The development of an academic psychiatrist overlaps with a series of adult developmental stages. A unifying contemporary adult developmental framework is presented by Vaillant (3) in his model of "mental health." According to Vaillant, as one progresses through the four adult developmental stages as defined by Erikson (4), there is an expansion of the "social radius." The expanded stages, in sequence, are: identity, intimacy, career consolidation, generativity, keeper of the meaning, and integrity, with Vaillant’s addition of the stages "career consolidation" and "keeper of the meaning" to Erikson’s original stages.

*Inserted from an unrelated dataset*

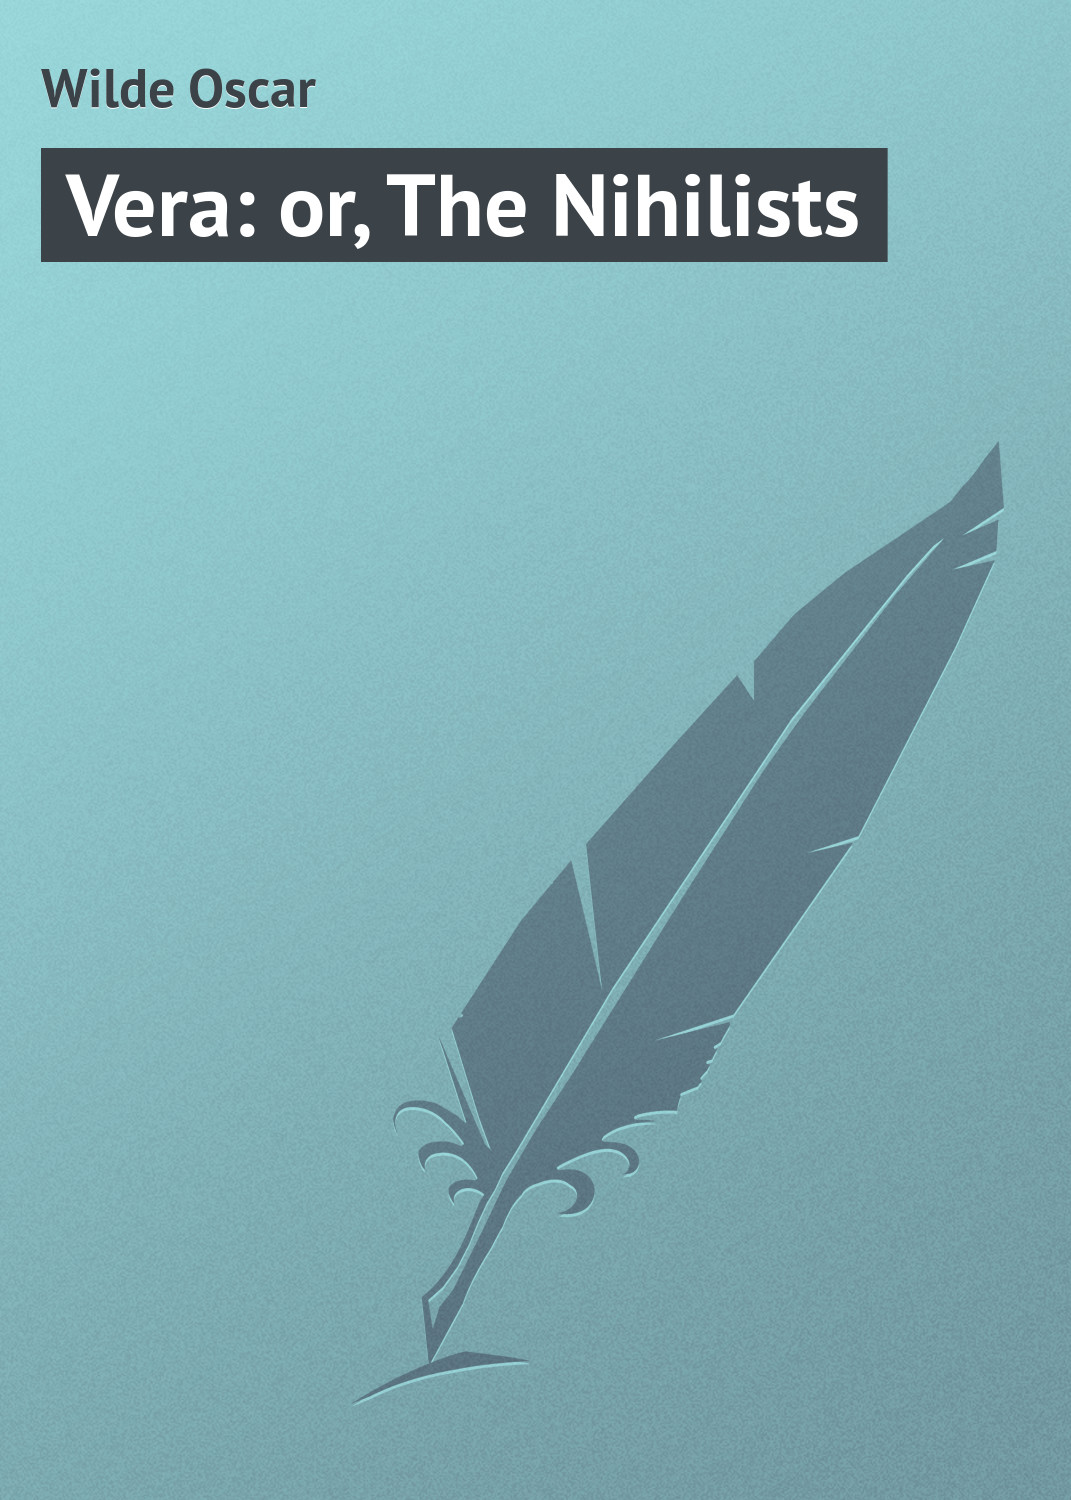 Книга Vera: or, The Nihilists из серии , созданная Oscar Wilde, может относится к жанру Иностранные языки, Зарубежная классика, Зарубежная драматургия. Стоимость электронной книги Vera: or, The Nihilists с идентификатором 23156659 составляет 5.99 руб.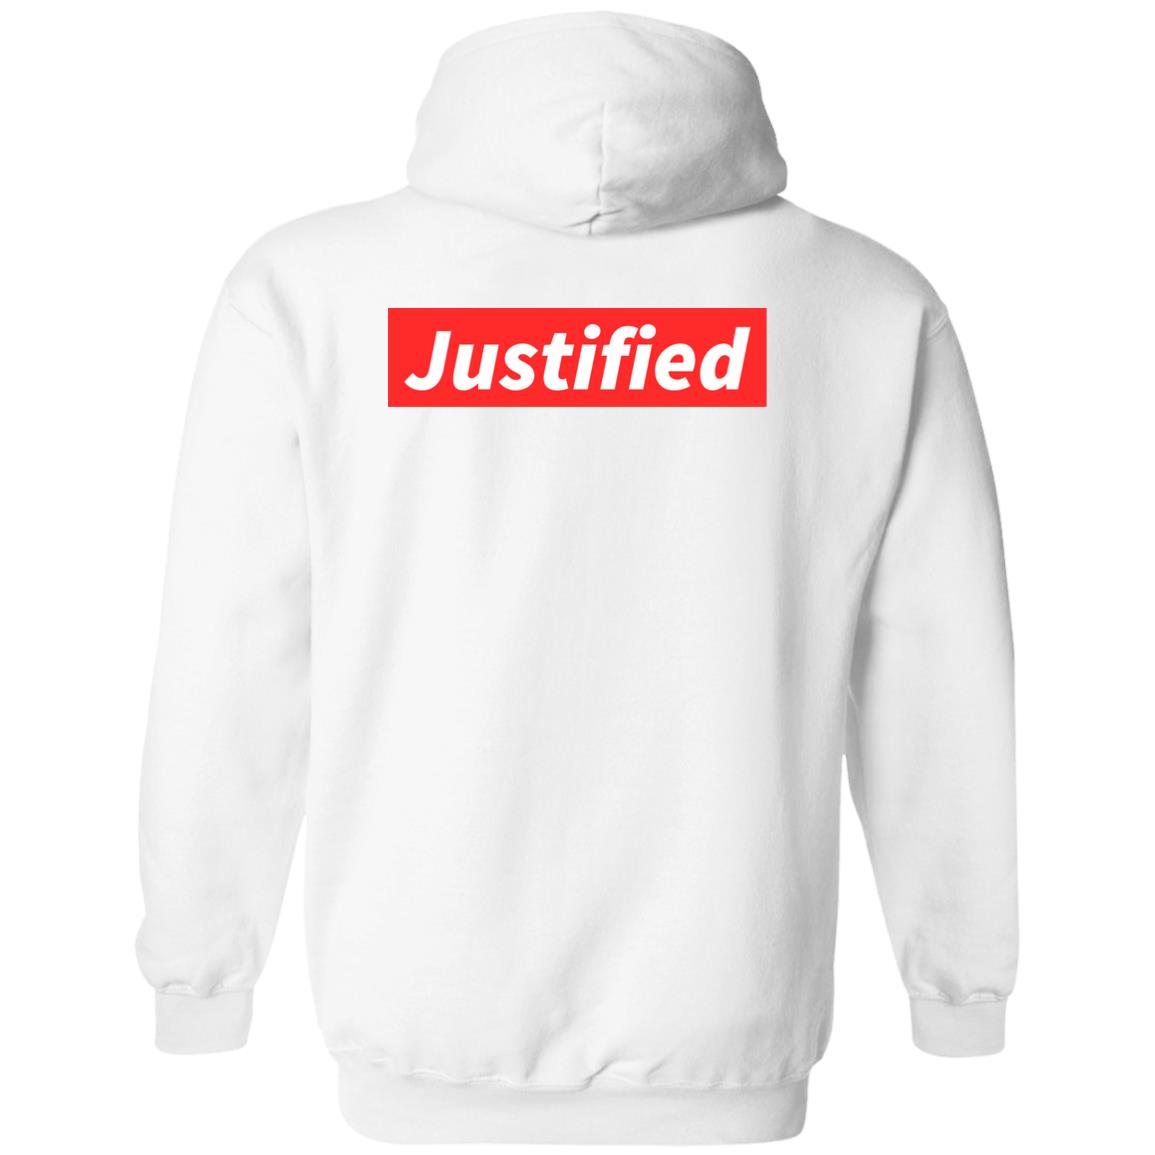 Justified (Unisex Hoodie)

Identity encompasses separation from parents and development of the independent self, and dates approximately from ages 13 to 21 (3, 5). Intimacy permits reciprocal involvement and interdependency with a partner, and dates approximately from ages 21 to 40 (3, 5). Career consolidation requires four components: contentment, compensation, competence, and commitment. This stage is interpolated between intimacy and generativity in the Vaillant modification, and thus the ages represented, approximately 30 to 50, bridge those two stages (3). Generativity refers to the ability to personally invest in the development of the next generation, and dates approximately from ages 40 to 60 (3, 5). Keeper of the meaning involves passing of traditions into the future, with a sense of conservation of the collective products of the culture. As this stage is interpolated between generativity and integrity in the Vaillant modification, the ages represented bridge those two stages, or approximately ages 50 to 70 (2). Integrity is a sense of importance of one’s life products and a final sense of peace regarding one’s own life, and it dates approximately from age 60 onward (3, 5).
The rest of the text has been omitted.